Activity: Below is a listing with pictures in it; transcribe exactly the lines from the one that has "b3ac1153 Gucci Cat" through the one that has "Vietnam says Google to remove toxic content", and omit those pictures.

Supplied information:
——

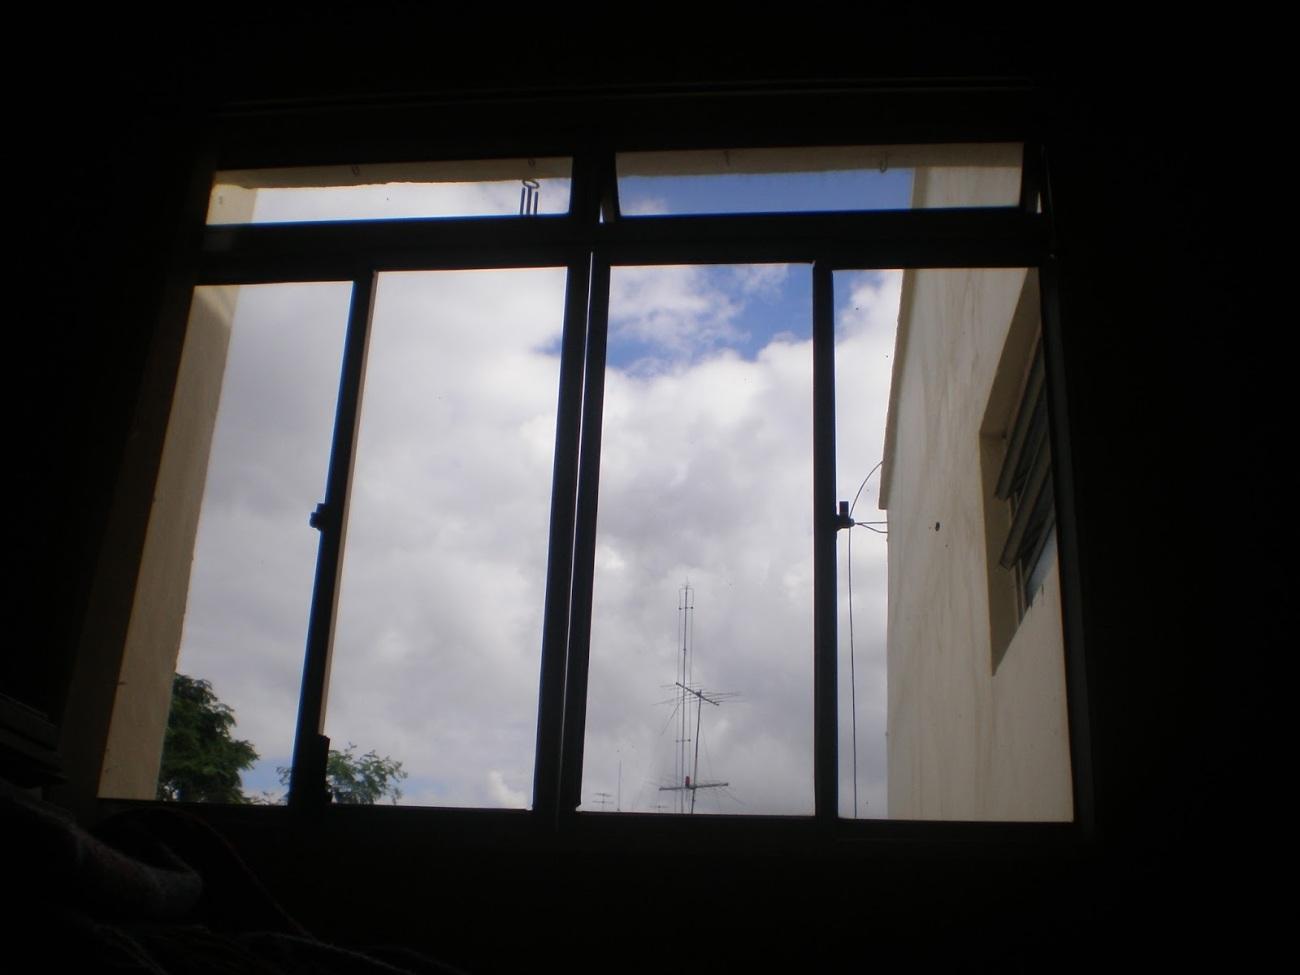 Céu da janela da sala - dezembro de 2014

——

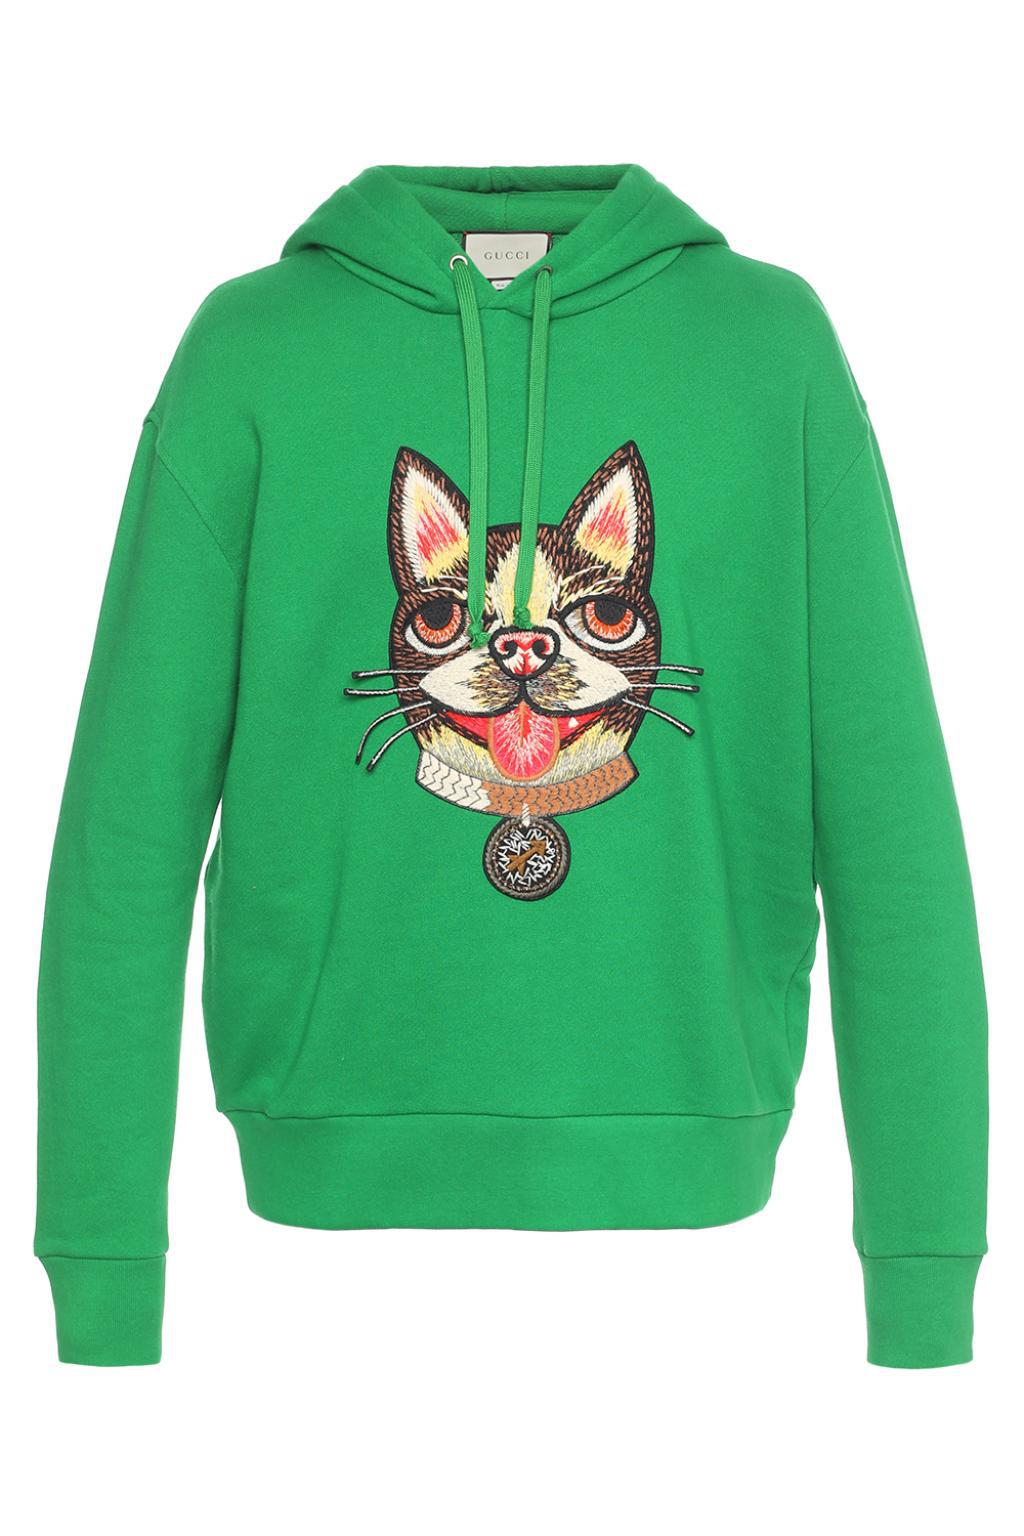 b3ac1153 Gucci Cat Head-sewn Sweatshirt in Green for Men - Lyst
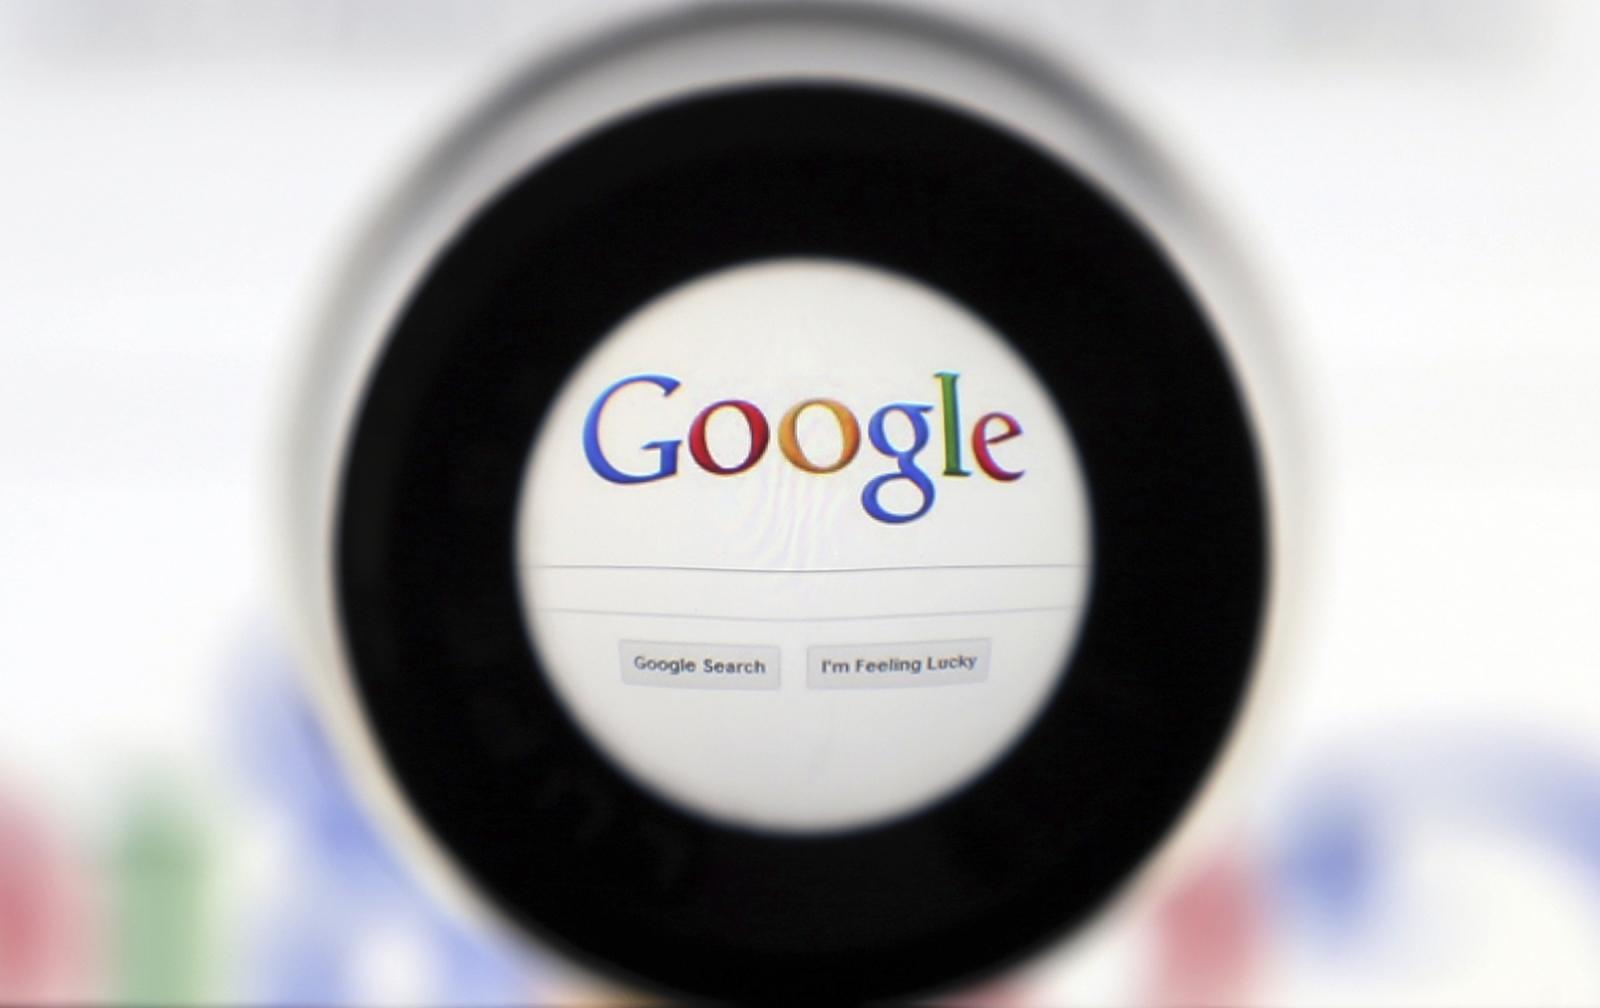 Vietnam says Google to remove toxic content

——

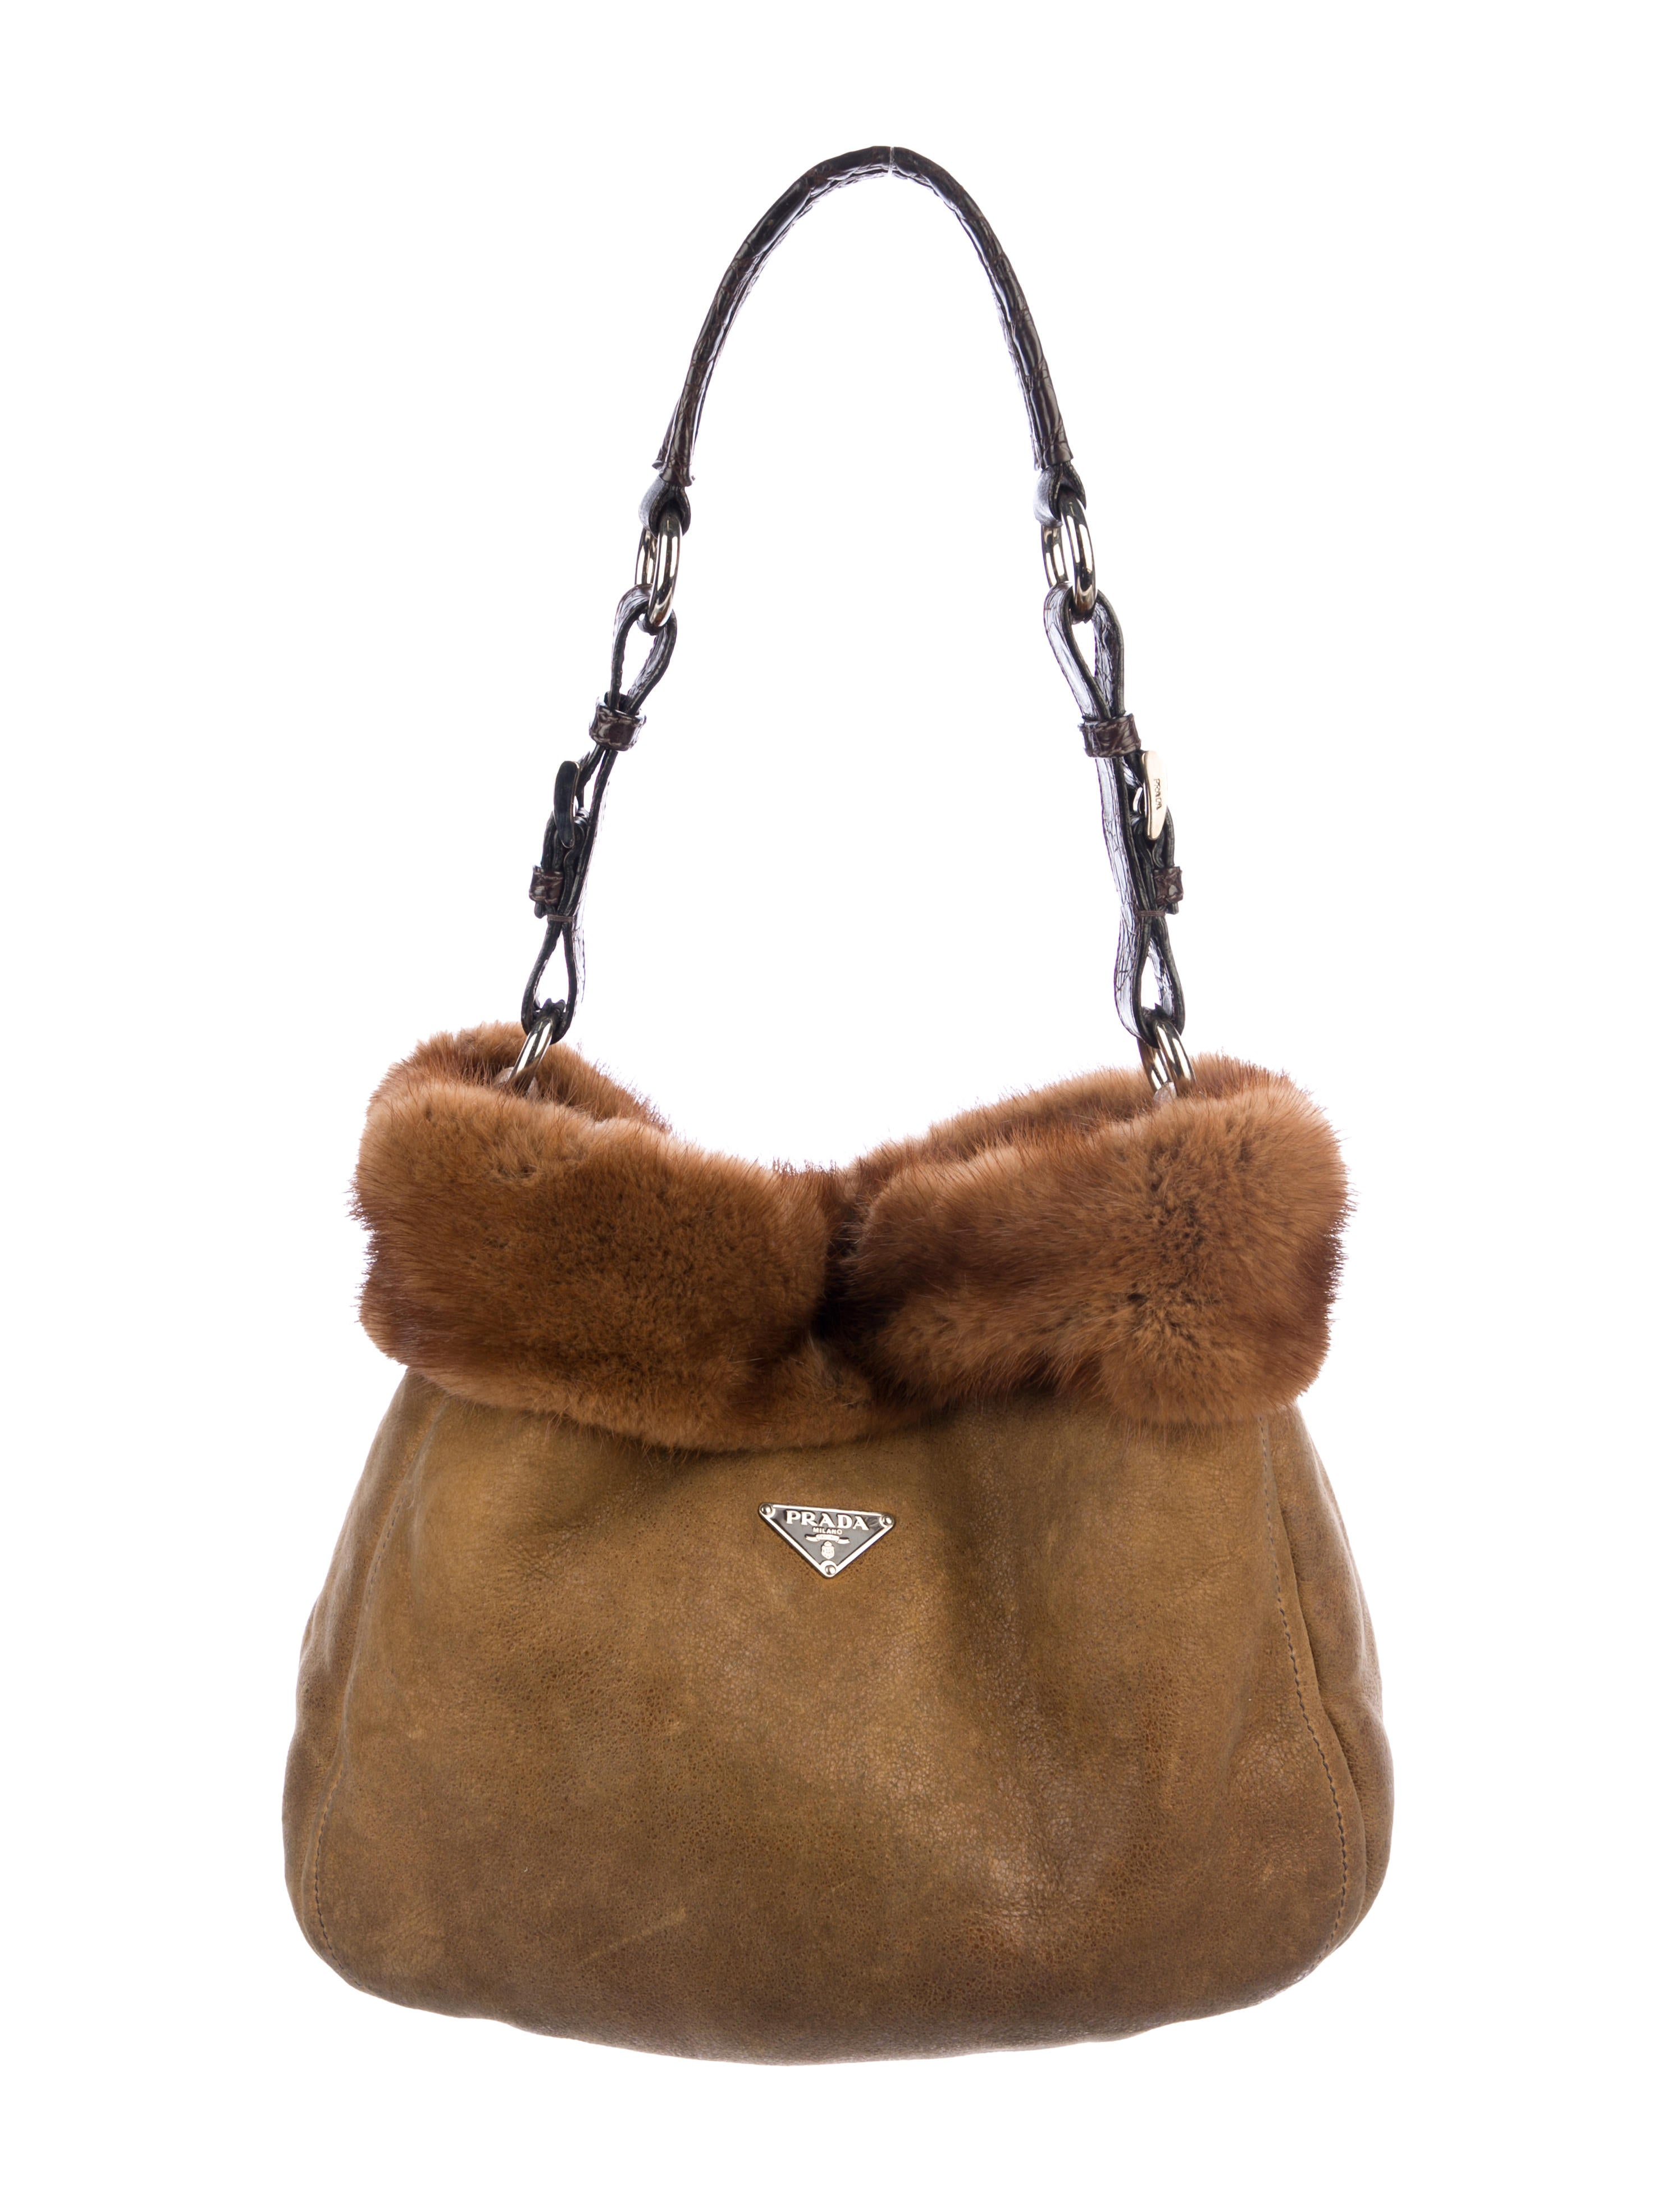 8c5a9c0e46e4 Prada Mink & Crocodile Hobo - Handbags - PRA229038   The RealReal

——

The answer:
 b3ac1153 Gucci Cat Head-sewn Sweatshirt in Green for Men - Lyst
 Vietnam says Google to remove toxic content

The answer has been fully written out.